Powerful conda virtual environment

Recently, I started converting from R to Python as I found out that more and more my daily data analysis could be smoothly handled by Python, especially when the data size is getting huge and requiring considerable computing power. I could fully utilise the computing power from remote servers by running Python on them. During the learning process, I learned about Jupyter Lab and impressed by its clean and simple design. This is the tool I really enjoy using for data analysis. It allows me to transfer between Python and R seamlessly. I believe if you end up reading this article, you must be a fan of it and want to take full use of it.

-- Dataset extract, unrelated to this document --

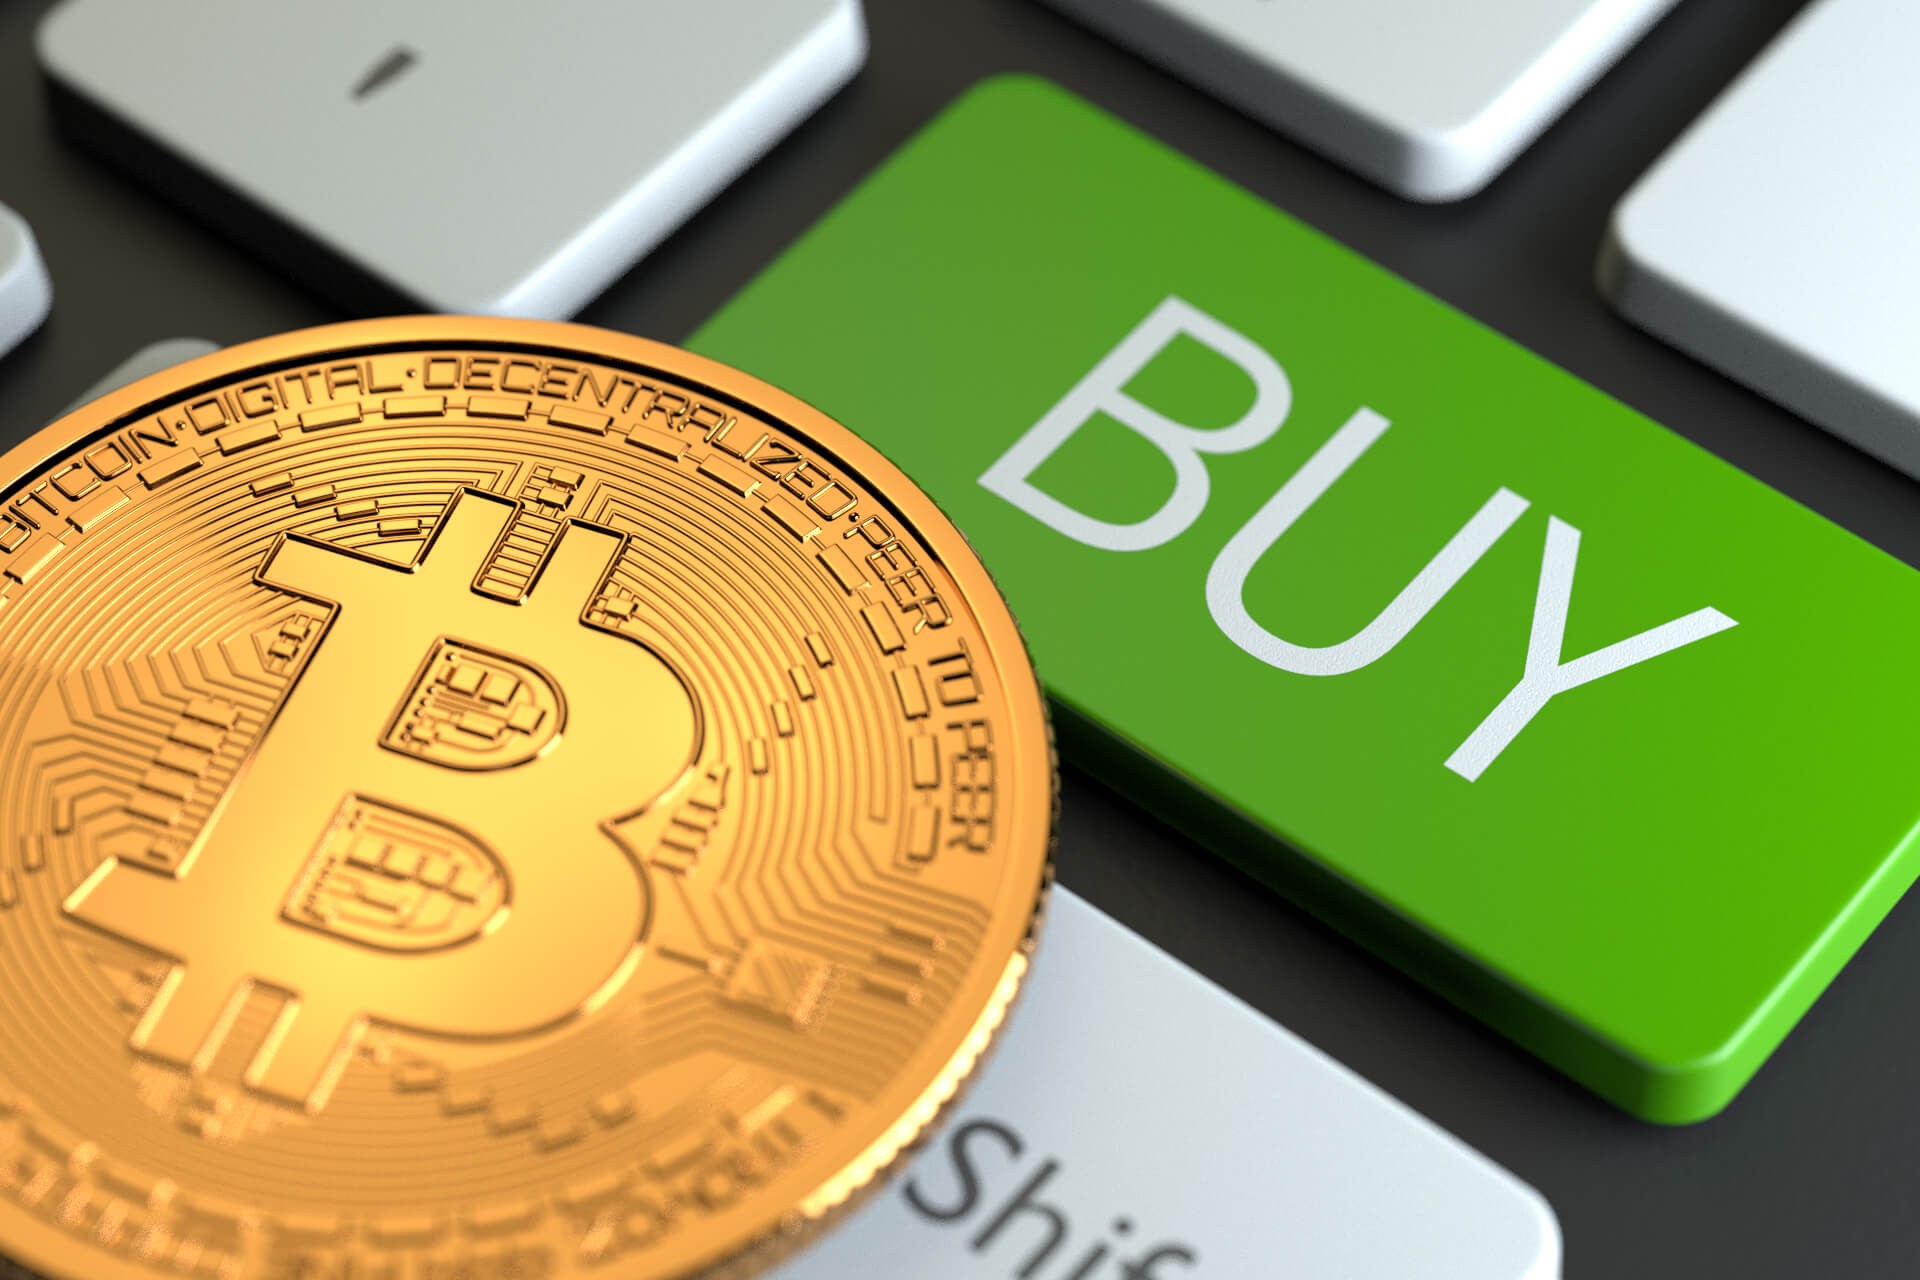 is facebook buying bitcoin

Here, I want to share my notes when using Jupyter Lab on server. As implied in the title, there are two parts in this article:

  1. Creating conda environment for R and Python
  2. Running R and Python within Jupyter Lab remotely

And I assume you already have knowledge in using remote server/HPC/clusters (I will call “server” in the following context). Before we begin, please make sure you have conda or miniconda installed on the server. Basically, Anaconda is a software package manager that helps us to install programs and packages. Most importantly, it can also create compartmentalised computational environments to avoid mess-up in your computer/server when you want to test some new tools or scripts. You can use these conda environments for different purposes, they can be program-specific (for running specific tools) or project-specific (for storing dependencies for a whole pipeline).

Creating conda environment for R and Python

First, we can check the virtual environments that have been created by typing:

conda info --envs

All the conda environments have been created on the server should be listed. An asterisk will denote where you currently are, likely ‘base’. In addition, your command line will be preceded with ‘(base)’ to denote you are in the base conda environment. Something like this:

(base) jun@server:~$

Next, I generated a specific R environment for R v3.5.1 (most recent version is R v3.6.1, but some of the packages I am using are not compatible with latest version).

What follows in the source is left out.